И тут Свиридов представил себе заголовки газет, когда обнаружится, что всех девчонок порезала бывшая уголовница и любовница Бессонова: «Из тюрьмы она отправилась сразу же в магазин – за ножницами!», или: «Что общего может быть у бывшей уголовницы и известного на всю столицу дизайнера? Любовь!»
Щи, что ли, разогреть?
Свиридов достал тяжелую эмалированную кастрюлю со щами, отлил половником себе в миску и поставил на плиту. Скоро по кухне поплыл запах ароматных щей из свежей капусты. Когда они почти закипели, он поставил миску на стол, сунув под нее предварительно дощечку, открыл банку со сметаной и положил себе пару ложек с верхом. Сглотнул от предвкушения удовольствия. Кто сказал, что семья – это жена и полный холодильник еды? Главное для мужчины – это полный холодильник еды. Вот, пожалуйста, жены ведь сейчас нет, а как ему хорошо, как спокойно! Никто нервы не треплет, никто не встречает грозным видом, мол, где шлялся… Нет, конечно, Валентина не грубит, но всегда выражает как-нибудь недовольство его поздними возвращениями. Да он бы и рад работать до обеда, а то и вовсе не работать, так тогда и вовсе сживет со свету.
* * *
Сейчас, когда он поместил свою зазнобу на виллу «Алиса» и контролировал буквально каждый ее шаг, каждый вздох, ему казалось, что с того момента, как ее привезли к нему в клинику, прошло несколько лет.
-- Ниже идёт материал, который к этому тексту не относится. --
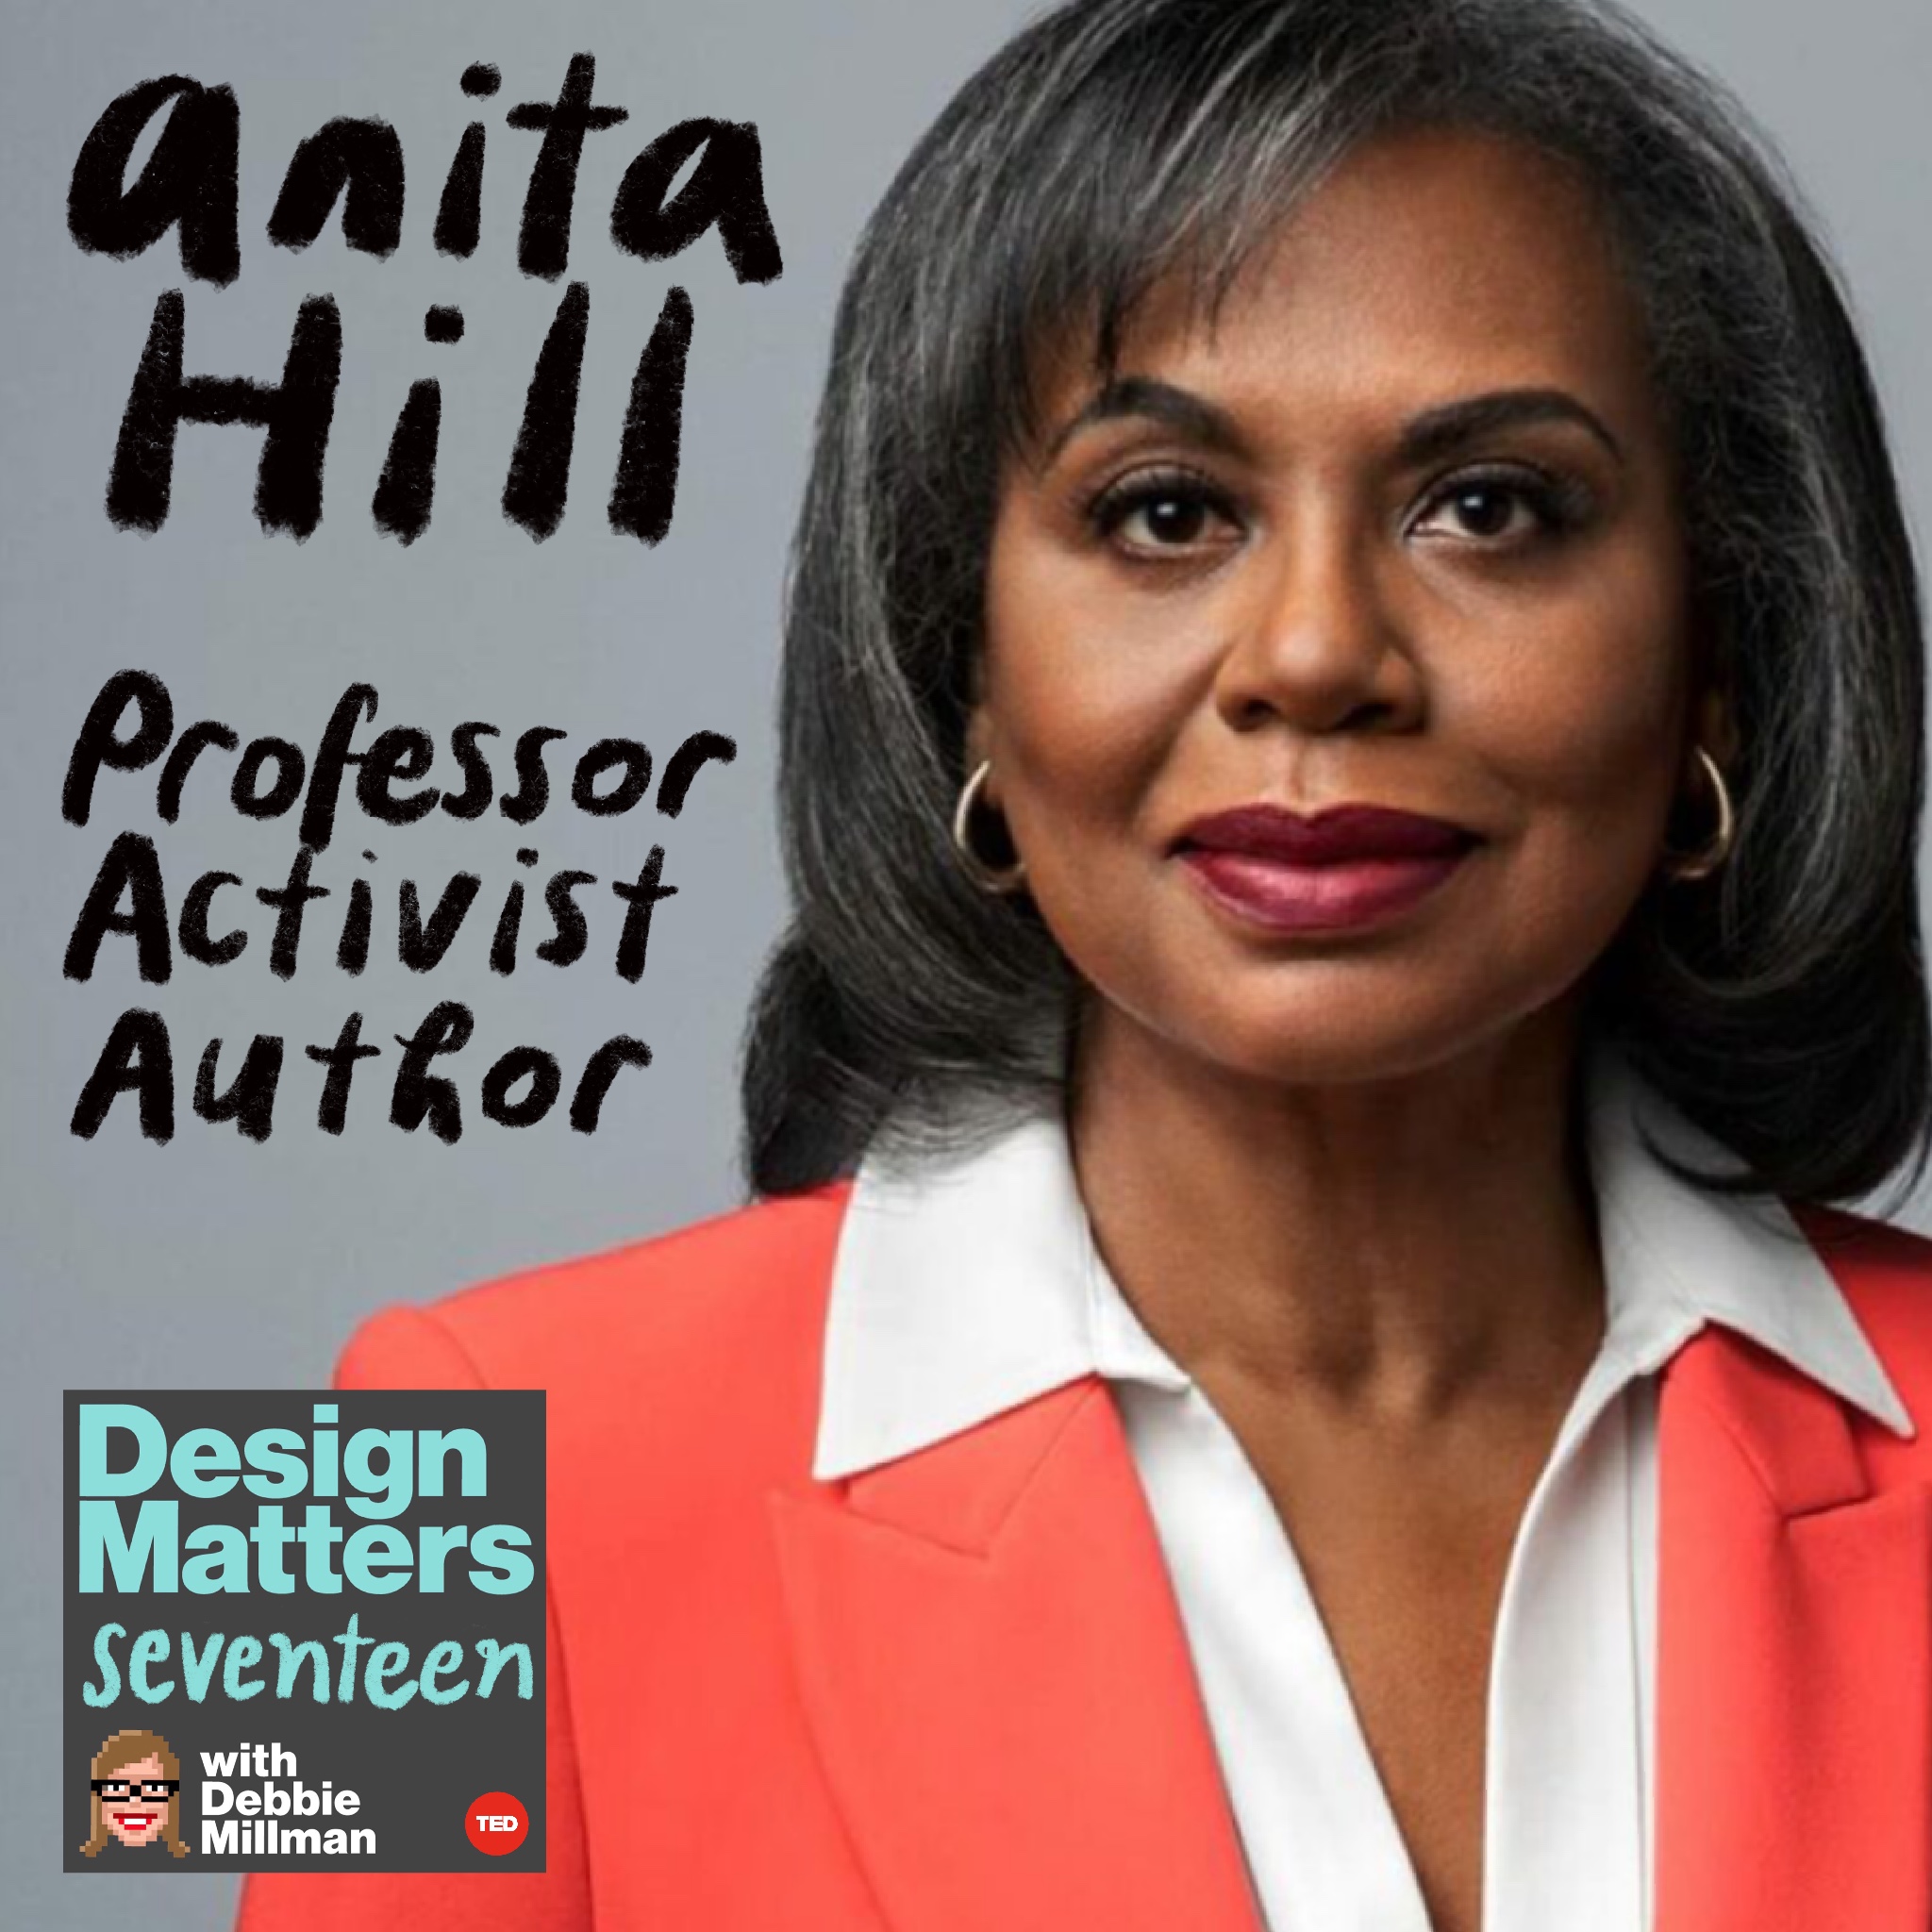 Thumbnail for "Anita Hill".
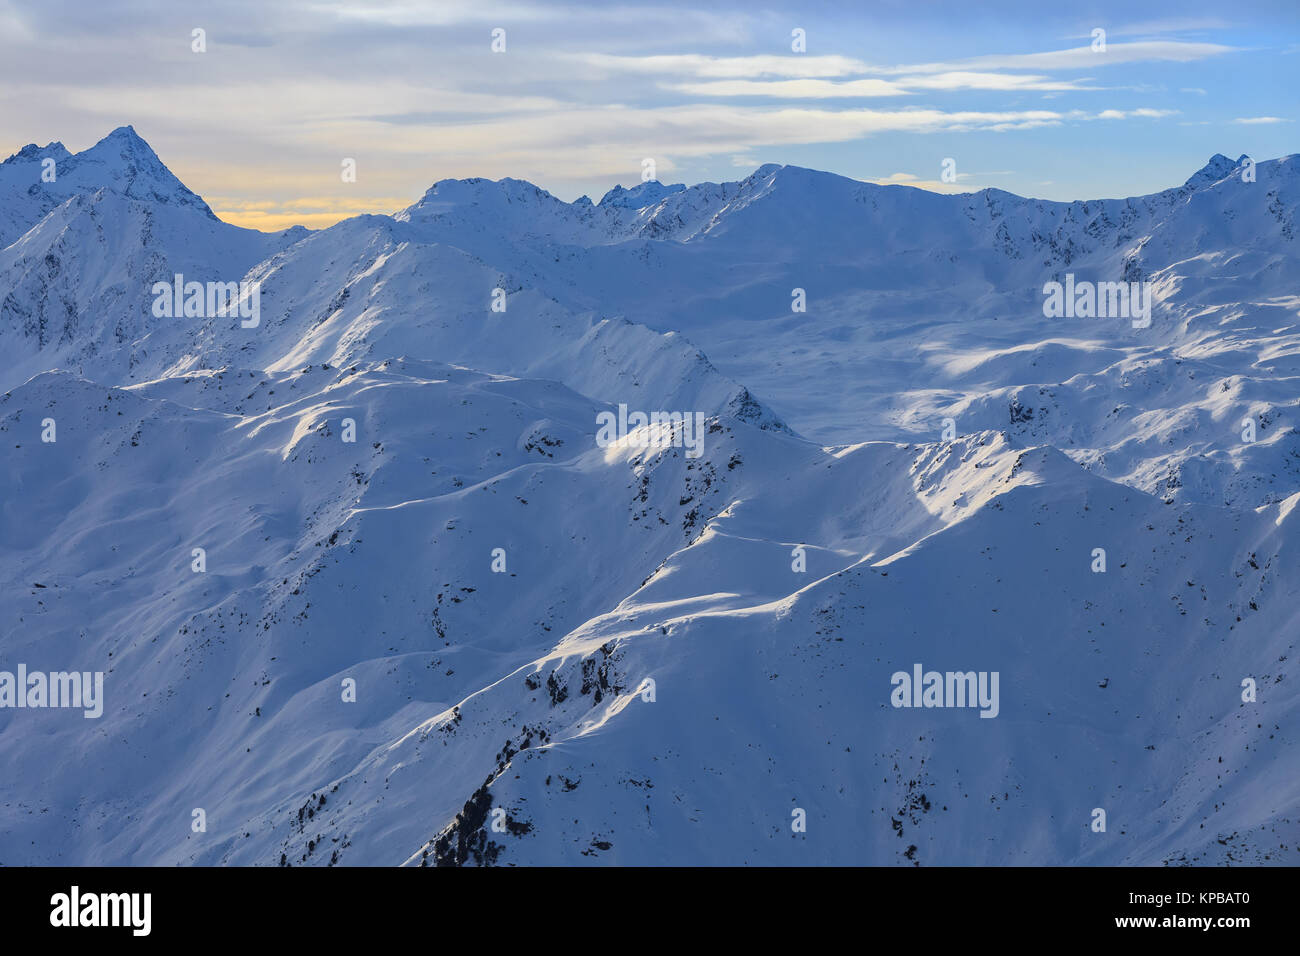 winter mountain landscape. Region Axamer Lizum, Austria Stock Photo

И Лена поумнела, похорошела, понабралась силенок и даже стала показывать зубки, да и сам Русаков много продвинулся к своей цели – поближе к ней, к ее одинокой и зыбкой, отравленной предательством близких ей людей жизни. Уж как только не намекал он ей о своей любви, о том, что брак с ним – единственное спасение Лены, что он своей любовью излечит ее от душевного недуга, избавит от постоянных, ставших уже хроническими мыслей о Бессонове, все равно – она все еще помнила о нем и, скорее всего, хотела бы с ним встретиться. И это после того, как этот подонок женился на ее квартирантке и заплатил ей, своей бывшей невесте, отступные сто тысяч? Быть может, именно этот нелепый брак и привлекал Лену своей таинственностью, невероятностью, и ей хотелось разгадать причину, по которой он был так скоропостижно зарегистрирован? Ну не пошлая же и древняя как мир причина, беременность Нечаевой, послужила для Дмитрия мощным толчком к действию. Может, именно такой примитивной причины-то и не хватило им, Дмитрию и Лене, в свое время, чтобы узаконить их отношения? Да и были ли у них интимные отношения? Вот об этом Русаков и думать не желал. Не мог он представить свою Леночку, такую хрупкую, слабую и чистую, в объятиях неразборчивого и всеядного Бессонова.